Fetal Alcohol Spectrum Disorder : Clinical Description and Search for Epigenetic Biomarker (EPI-TSAF)

Not Applicable

Completed

• Conditions: Fetal Alcohol Spectrum Disorders
• Interventions: Diagnostic Test: Extraction of microRNAs extracted from plasma (4 ml recovered as part of treatment); Diagnostic Test: Extraction of microRNAs extracted from bucal swabs (act added for research).

• Registration Number: NCT06471335
• Lead Sponsor: Centre Hospitalier Universitaire de la Réunion

Brief Summary

The goal of this clinical trial is to carry out a clinical description of a Reunionese series of patients (aged 0 to 18 inclusive) with Fetal Alcohol Spectrum Disorders followed up in the Genetics Department of the University Hospital in Reunion Island The aim is also to identify a specific "epigenetic signature" for Fetal Alcohol Spectrum Disorder, in order to provide early diagnostic markers, determine the origin of the microRNAs identified and study the phenotypic-epigenetic relationship (microRNAs).

This research is descriptive and monocentric.

* retrospective on the clinical description of 182 Fetal Alcohol Spectrum Disorderpatients

* prospective on the microRNAs part, with 18 patients in the Fetal Alcohol Spectrum Disorder group and 18 in the control group (participants without Fetal Alcohol Spectrum Disorder).

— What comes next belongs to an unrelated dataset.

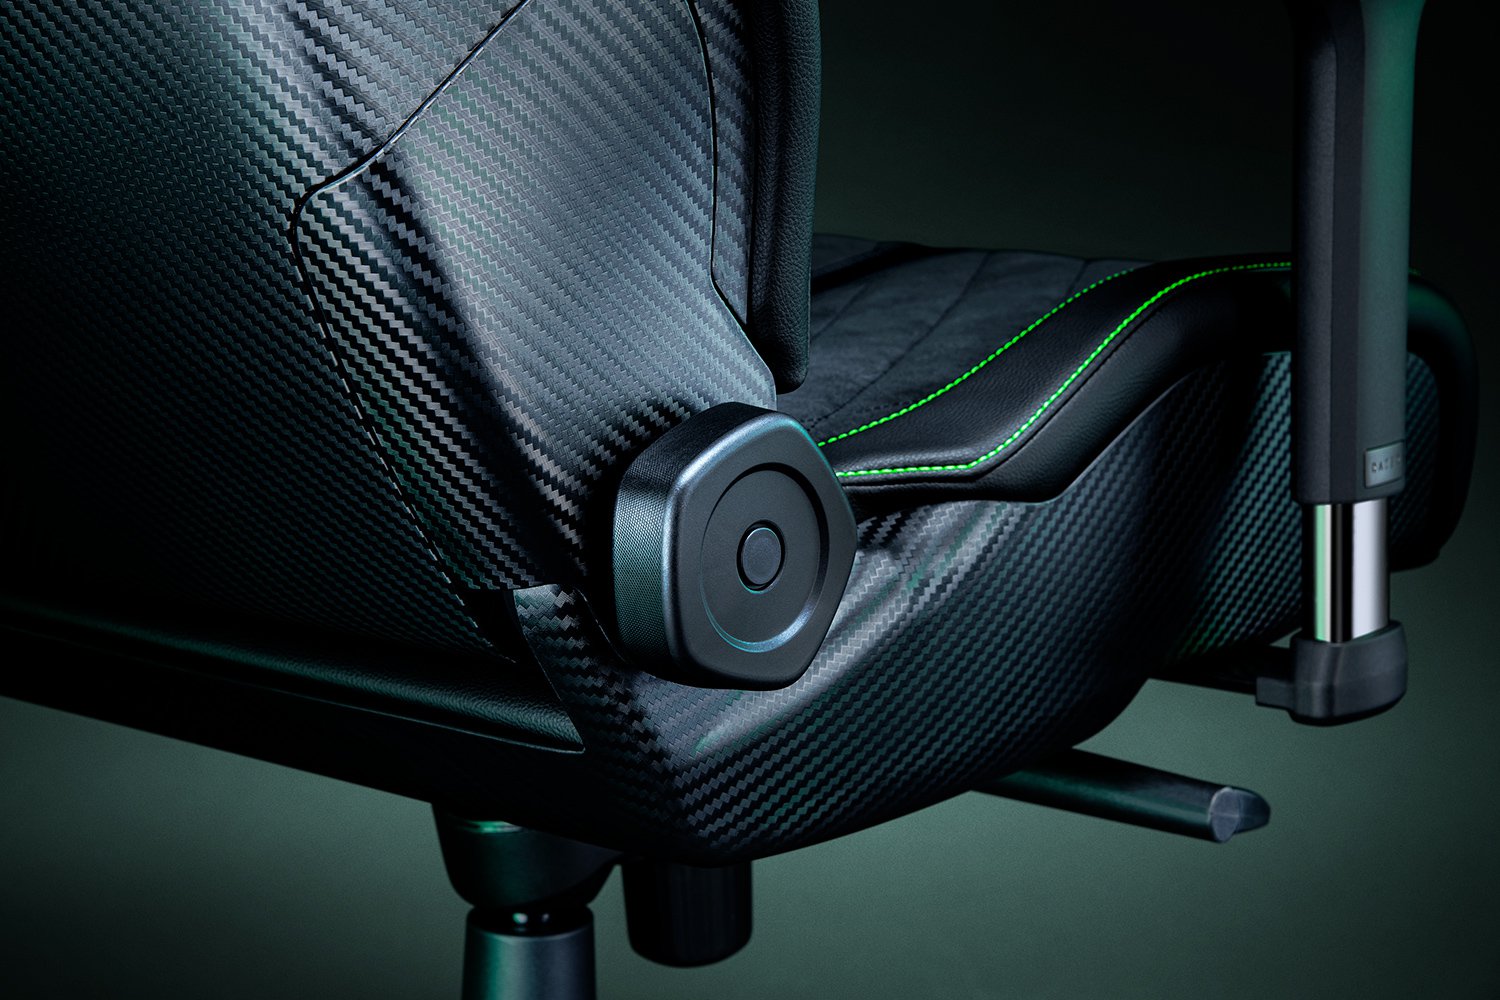 Razer Enki - black/green Chaise de gaming – acheter chez

For the 18 patients in the Fetal Alcohol Spectrum Disorder group, the doctor will take a blood sample (for genetic testing) during a scheduled consultation. A remaining 4 ml of blood will be collected for research purposes (Fetal Alcohol Spectrum Disorder group only). A buccal smear will also be taken for research.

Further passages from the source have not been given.